Как только они пришли домой, Захария очень спокойно, старательно выводя каждую букву, принялся записывать все, что происходило с ним в тот день за завесой Храма. Елисавета покачала головой и заговорила.

— Мне не следовало в этом сомневаться, — сказала она. — Ведь то, на что все женщины надеются, но во что на самом деле не очень-то верят, когда-нибудь может и сбыться. Разве нельзя сказать, что наш Бог — это Бог, который смеется, и что Он очень любит хорошую шутку? Он выбирает женщину, детородный возраст которой давно уже миновал.
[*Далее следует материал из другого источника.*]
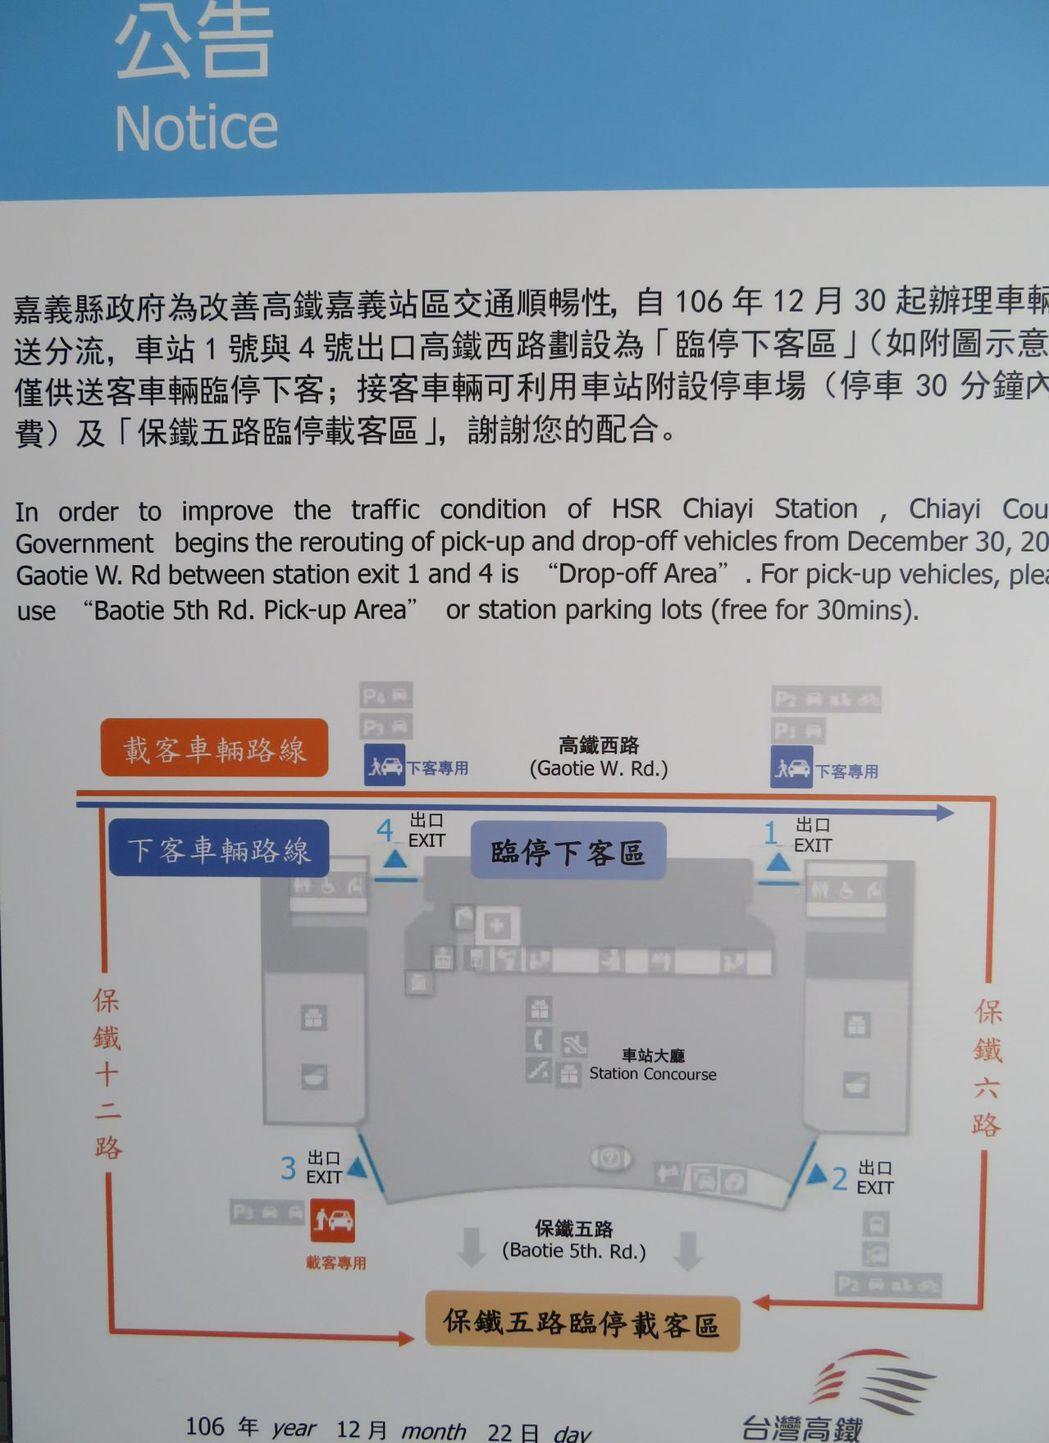 高鐵嘉義站比照台南站接送分流措施,明天交通接送分流措施上路,車站入口處張貼公告。...

Но ведь с таким же успехом Он мог бы выбрать и девственницу. Сдается мне, скоро и впрямь явится Мессия, поскольку, помнится, где-то в священных книгах сказано, будто некая девственница должна затяжелеть. Только получается, что тот, кого дарует нам Господь, это вовсе не Мессия, а его глашатай или провозвестник — не знаю даже, как правильнее сказать. Ах да, и еще я вижу, что ему следует дать имя Иоанн[34]. Это хорошо, что ты все быстро записал, иначе мог бы что-то забыть. Наш сын… да-да, у нас будет сын, и теперь я должна бережно хранить то, что внутри меня, а когда придет время и станут видны кое-какие признаки, мне придется укрыться от людских глаз. Все эти девять месяцев я буду говорить за двоих. Нет-нет, тебе не нужно записывать, что я это уже делаю.

И от любви и радости они бросились друг другу в объятья.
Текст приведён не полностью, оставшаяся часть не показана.